From left to right: Chorus master, Rigoletto, Gilda, Duca, Maddalena, Sparafucile, Monterone, Contessa Seprano, Count Seprano, Marullo, conductor.[/QUOTE]


----------



## LouisMasterMusic (Aug 28, 2013)

From left to right: Chorus master, Rigoletto, Gilda, Duca, Maddalena, Sparafucile, Monterone, Contessa Seprano, Count Seprano, Marullo, conductor.[/QUOTE]

"Seprano" should be spelt "Ceprano", as with the list of singers above.


----------



## deggial (Jan 20, 2013)

just dropping by to say Nozze was great! after my own heart (ie, very funny) and wow to Bengtsson! I'm not even that big a fan of the Contessa but her voice is simply gorgeous.


----------



## Dongiovanni (Jul 30, 2012)

deggial said:


> just dropping by to say Nozze was great! after my own heart (ie, very funny) and wow to Bengtsson! I'm not even that big a fan of the Contessa but her voice is simply gorgeous.


Good to hear you liked it ! Bengtsson is surely a singer to watch in the future. Would like to hear her sing Donna Anna !


----------



## Cavaradossi (Aug 2, 2012)

guythegreg said:


> I think I saw Pirgu as Alfredo in the Traviata with Domingo and Damrau. Not overwhelmed.


I had the same reaction to the radio broadcast of that performance.


----------



## Dongiovanni (Jul 30, 2012)

guythegreg said:


> I think I saw Pirgu as Alfredo in the Traviata with Domingo and Damrau. Not overwhelmed. I would love to see Rancatore. I've got her Olympia and it is kick ***.


How did you like Damrau ? She will be singing more Violetta soon.


----------



## guythegreg (Jun 15, 2012)

My own feeling is that Damrau is a bit past it. She was so wonderful in her prime - so wonderful - that it's a shame to have to say it, but I think it's true. I know one of our other contributors was at the performance when J-Flo reprised his una furtiva lagrima and then said "the soprano is waiting to come on" - that night she sang better than he did, I thought. Everyone loved her Queen of the Night, of course, but I thought her Adina was incomparable and her Marie (from Fille du Regiment) just wonderful. When a singer as good as her starts to lose it it's like watching a great tree fall. Well, I could be wrong, too; I've only seen two performances that disappointed me. We'll see.


----------



## deggial (Jan 20, 2013)

guythegreg said:


> My own feeling is that Damrau is a bit past it.
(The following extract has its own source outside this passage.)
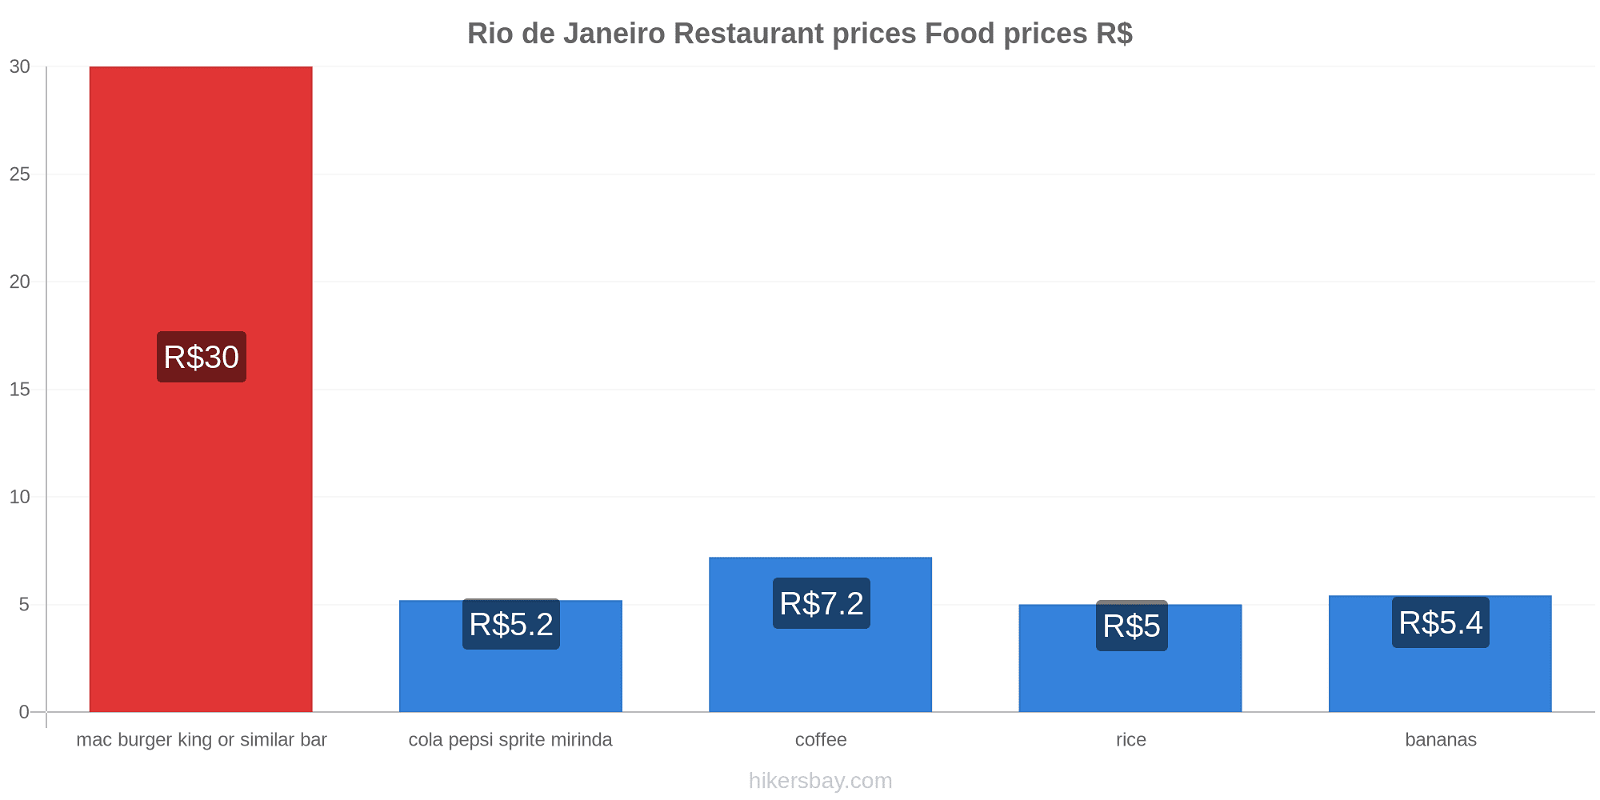 Rio de Janeiro price changes hikersbay.com

well, as long as she's keeping it together until next May  plus she's still gorgeous  I think she's at her best in comedy but Violetta will have to do. Luckily the first act is pretty light hearted.

anyway, this is not why I was looking for this thread. I've already said my part on it, but having just read the Opera Today (never read it before so I can't put this review in any context) *review of Nozze's premiere* from three weeks ago I felt like commenting on the comments 



Opera Today said:


> Things got off to a messy start, with both Luca Pisaroni (Figaro) and Lucy Crowe (Susanna) uncomfortably behind Sir John Eliot Gardiner's beat in the opening numbers. Also, while both are experienced in their respective roles, there was a lack of frisson between them and they didn't make for a convincing pair of nearly-weds. One might have put the hitches at the start down to first-night jitters, but matters didn't really improve


well, not what I saw and I think I'm pretty good at recognising good ensemble acting. It might have been first night jitters after all.



Opera Today said:


> Pisaroni was a tall, handsome Figaro; he has a weighty voice across the range, [...] in general the sound was rather uniform; more variety would have better conveyed the crafty quick-wittedness of the ever-resourceful valet.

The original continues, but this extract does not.